Topological Simplicial Analysis (TSA)

Here we benchmarked on a zebrafish developmental single-cell RNA sequencing data with 12 time steps. As shown, scTSA identifies the critical stage (gastrulation) of development in cell complexity transition, , matching our understanding in the developmental biology that it is a process where the embryo begins differentiation into distinct cell types.

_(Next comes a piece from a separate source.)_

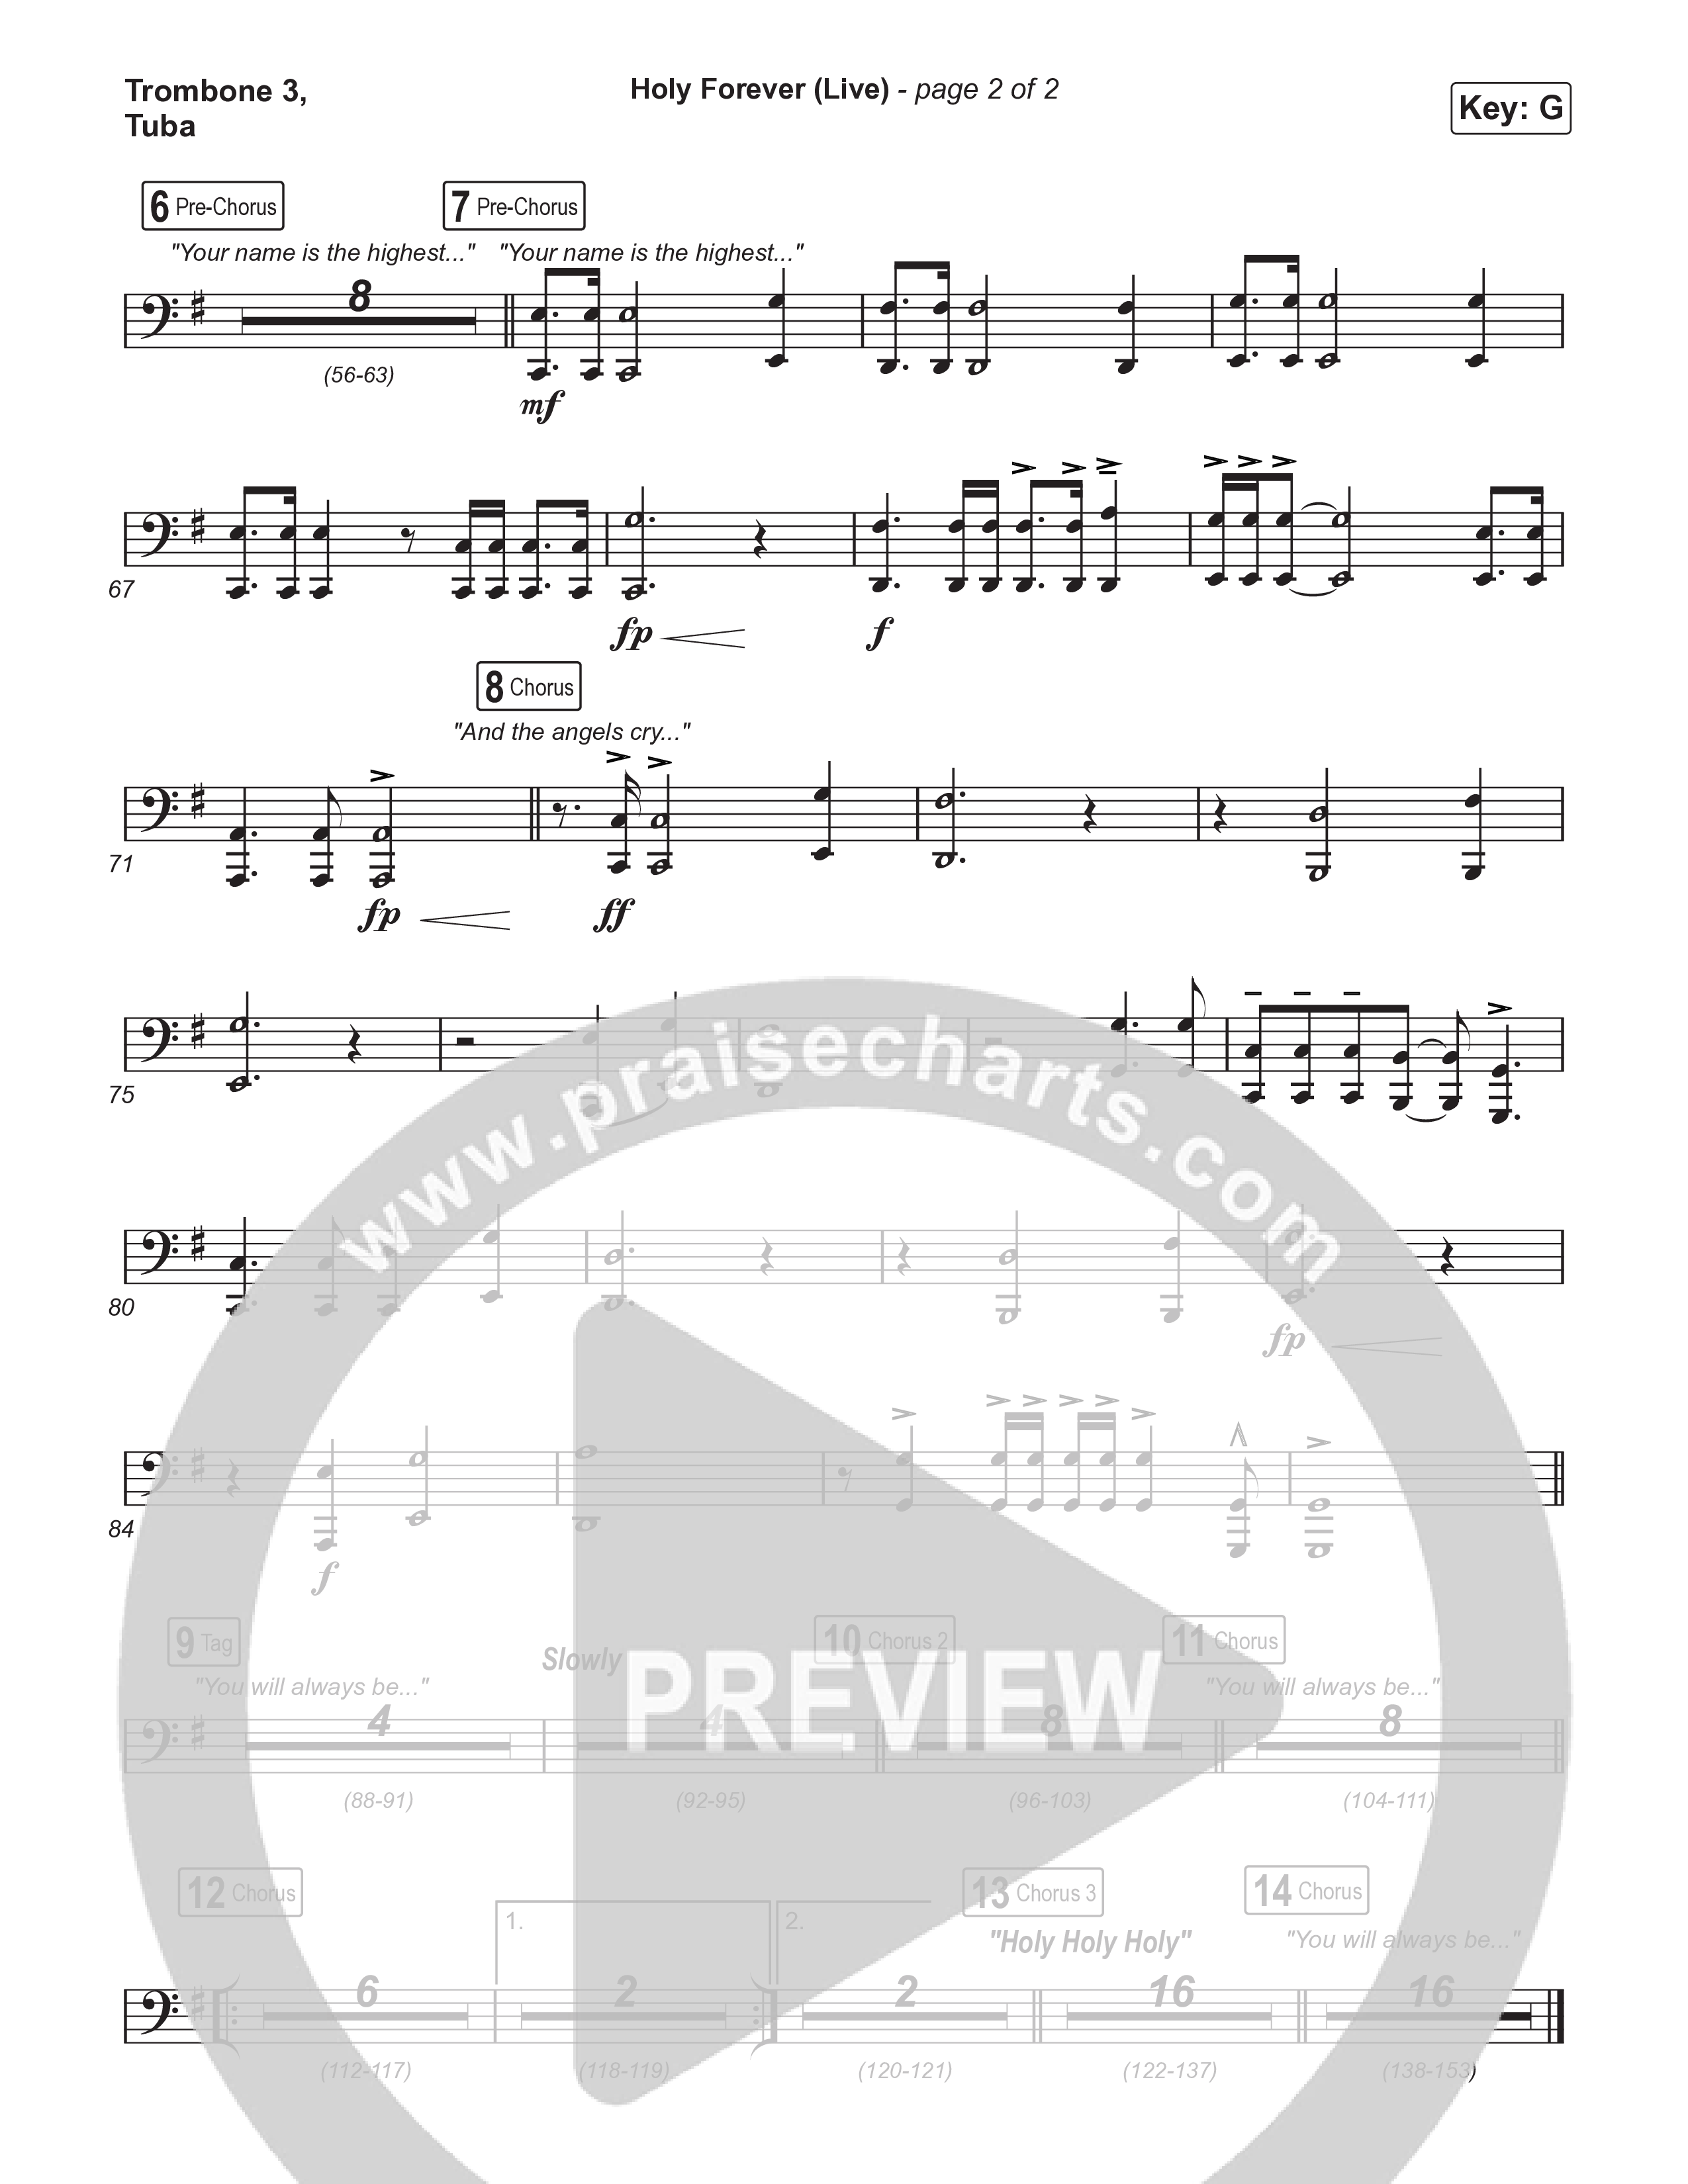 Holy Forever (Sing It Now) Trombone 3/Tuba (CeCe Winans / Arr. Luke Gambill)

Normalized over the null model, we observe some interesting simplicial dynamics across developmental stages. (Left) Number of n-simplices computed from 100 sampled data points in each time points. (Right) Normalized number of n-simplices computed as the ratio of the data over null models.}


Here we see that given the normalized cell complexity, we can map out some interesting trajectories in the higher-order and lower-order domains of the simplicial space. Below is the transition of lower-order and higher-order normalized cell complexity across time. The arrow indicates the transition between the centroids in each groups.

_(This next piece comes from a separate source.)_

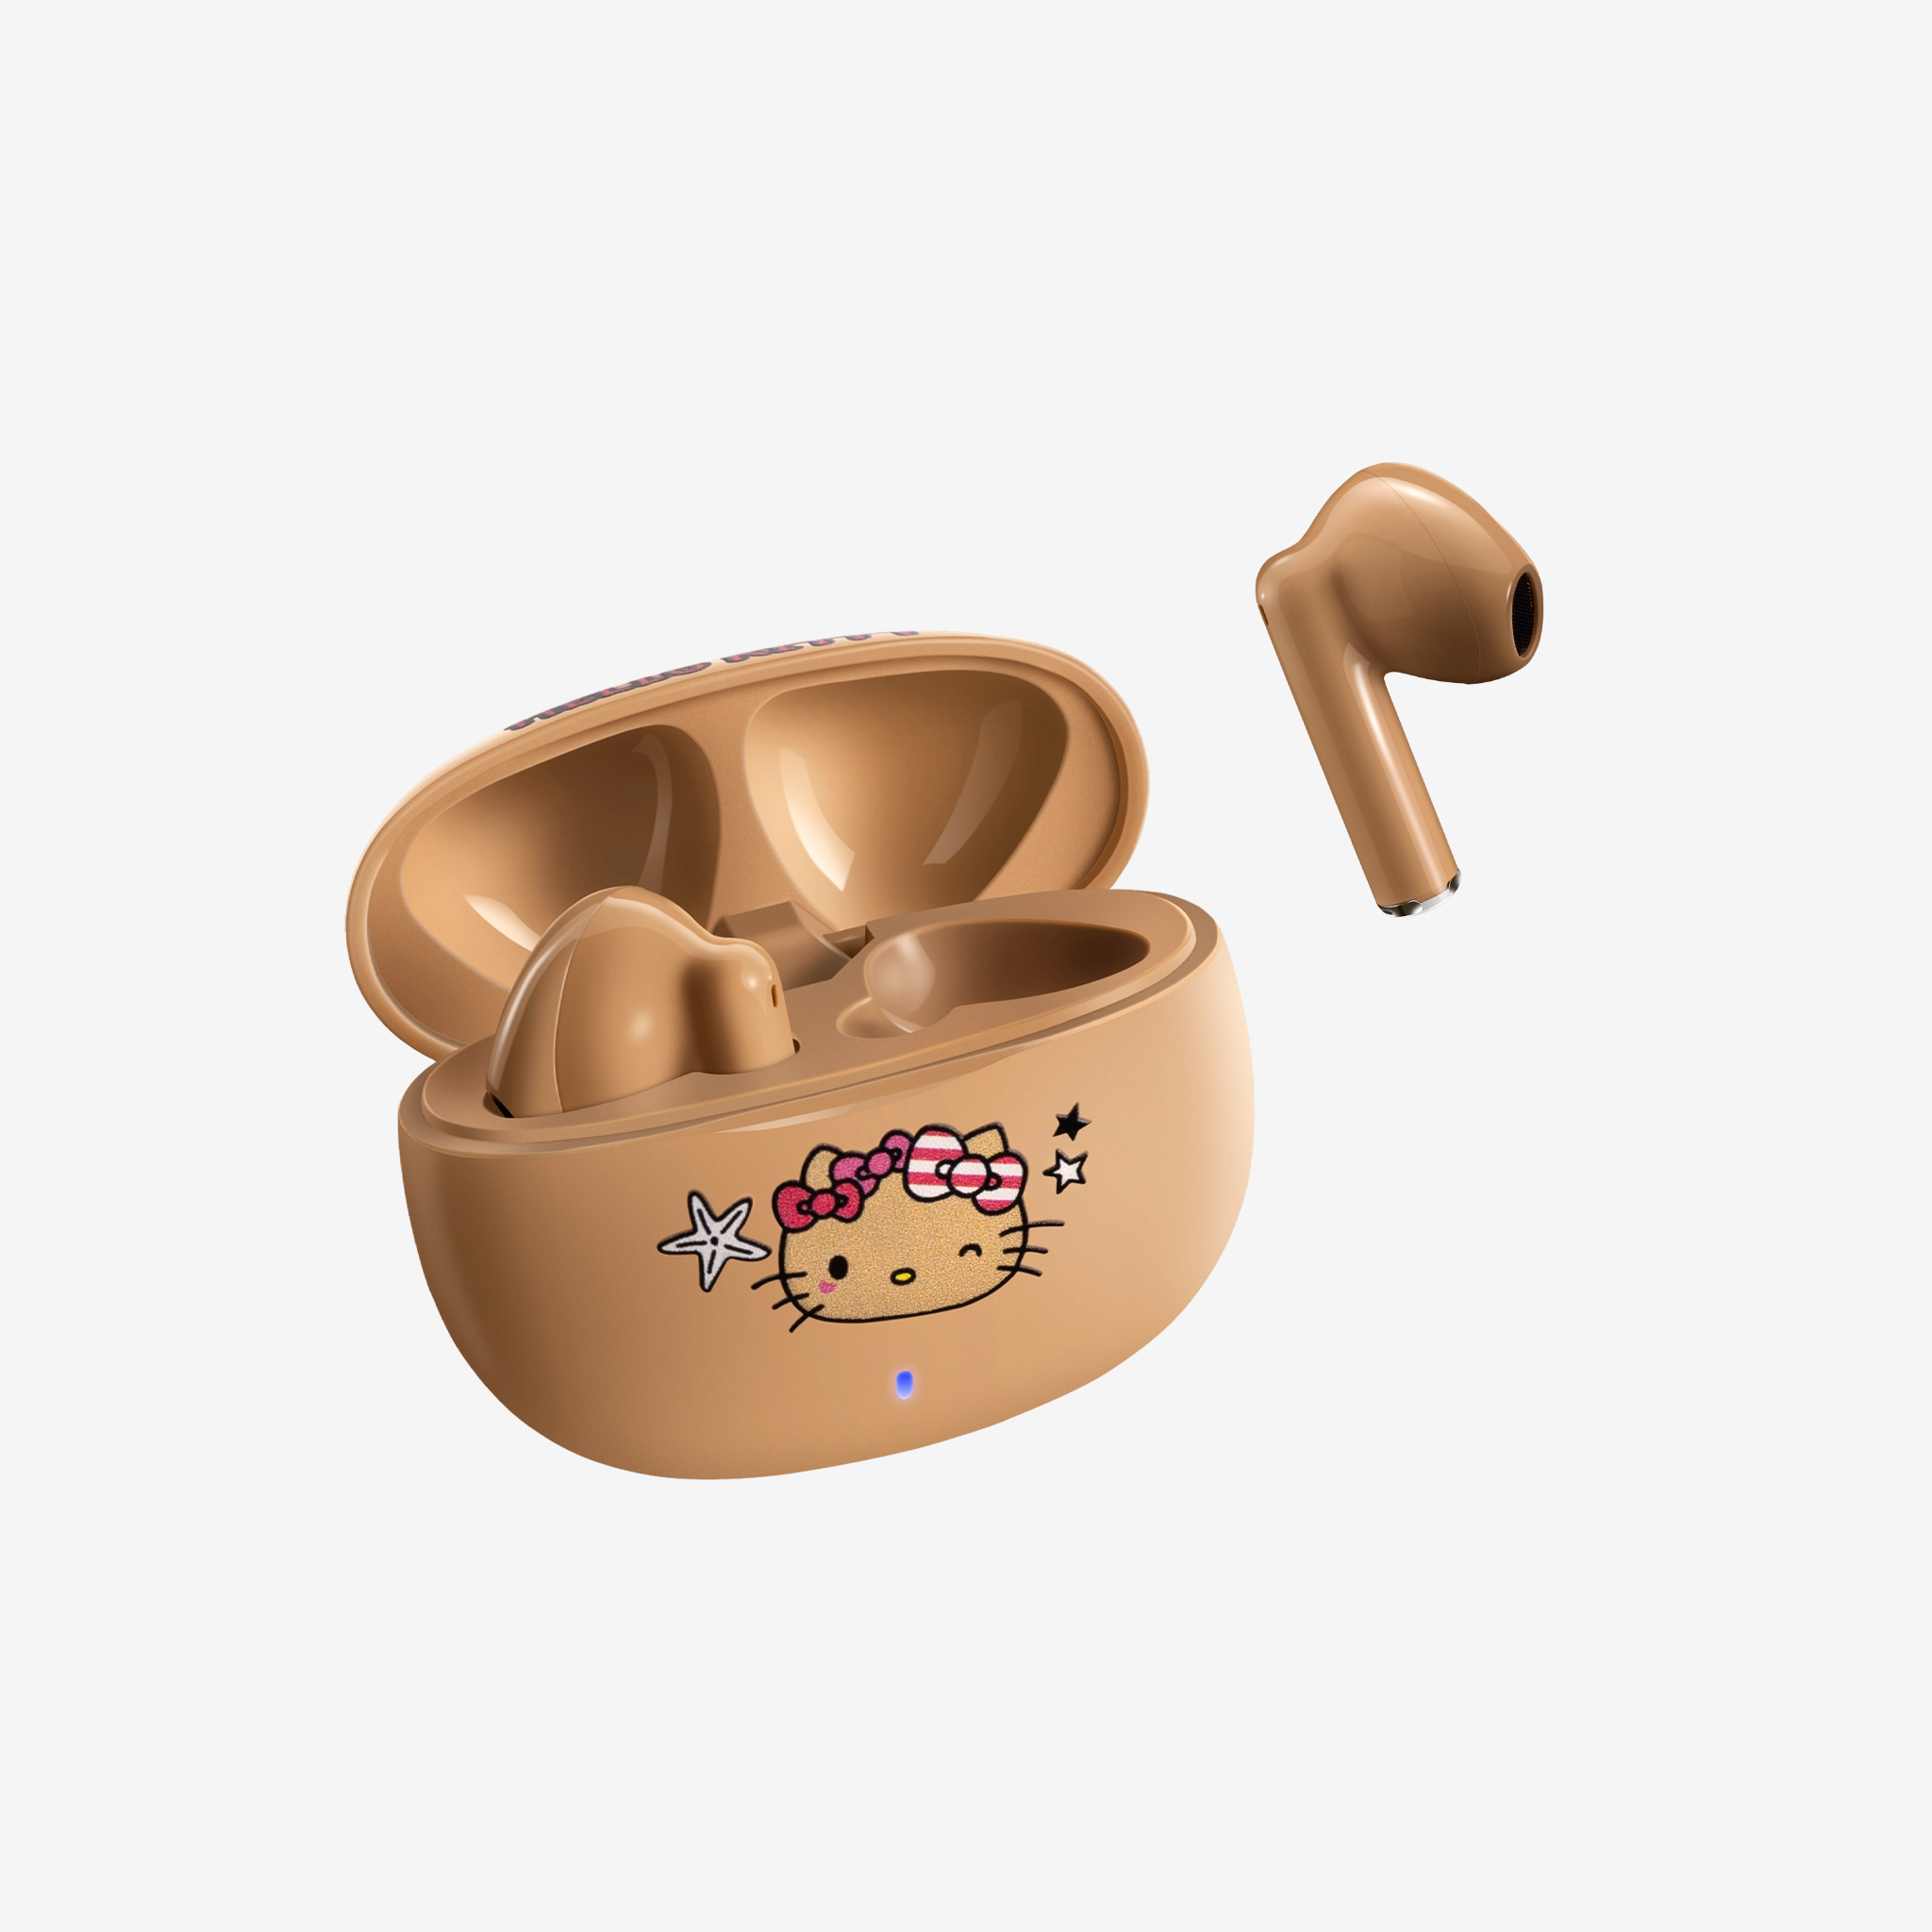 MarTUBE Hello Kitty Beach Music Auriculares para Android e iOS

Below demonstrated the hierarchical clustering of cell types. (Left) with Betti numbers. (Right) with simplicial complexity. The simplicial complexity offers a more reasonable clustering performance as a more distinctive summary statistics.

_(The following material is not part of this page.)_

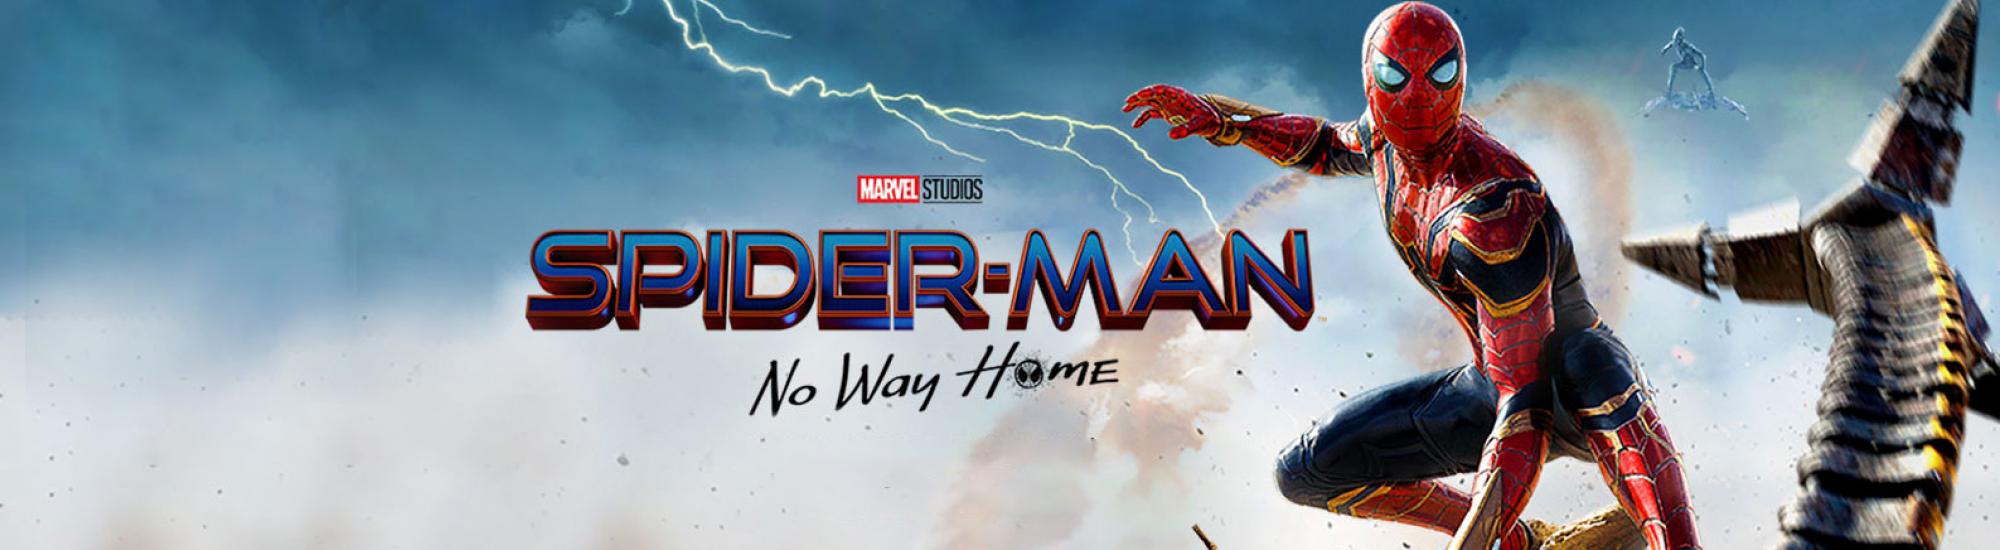 spider man no way home screenx poster

Temporal Topological Data Analysis (tTDA)

This method aims to visualize time-stamped high-dimensional data with double filtration in the topological data analysis. Given any type of time-stamped data, single-cell gene expression data , text from therapy sessions, stock market price etc., we can dissect the temporal domain with an additional multiplicative filtration criterion.

With this method, we can potentially answer interesting questions like: Does Schizophrenia patients tend to use cyclic linguistic features or constantly distract on topics? Do the development of zebrafish embryo follow more than one tracks during cellular differentiation? Does the brain use a recurrent or a feedforward computation strategy in understanding a scene? Does human visual processing have a multi-scale oscillatory regime in different brain regions?...

For instance, in this below zebrafish embryogenesis single-cell RNA sequencing data with 12 time steps, traditional TDA methods fail to extract a correct temporal flow in the data. (Left) TDA; (Right) t-SNE.


However, tTDA unravels the correct temporal skeletons and offers useful biological insights (Right).

Interactive Topological Data Analysis (iTDA)

This is a work in progress where I wish to develop an interactive web application where users can click to switch between different visualization methods in high-dimensional data. The core feature would be its focus on the TDA methods, where the user can specify the parameters for all internal geometric computation and intuitively select for the best hyperparameters.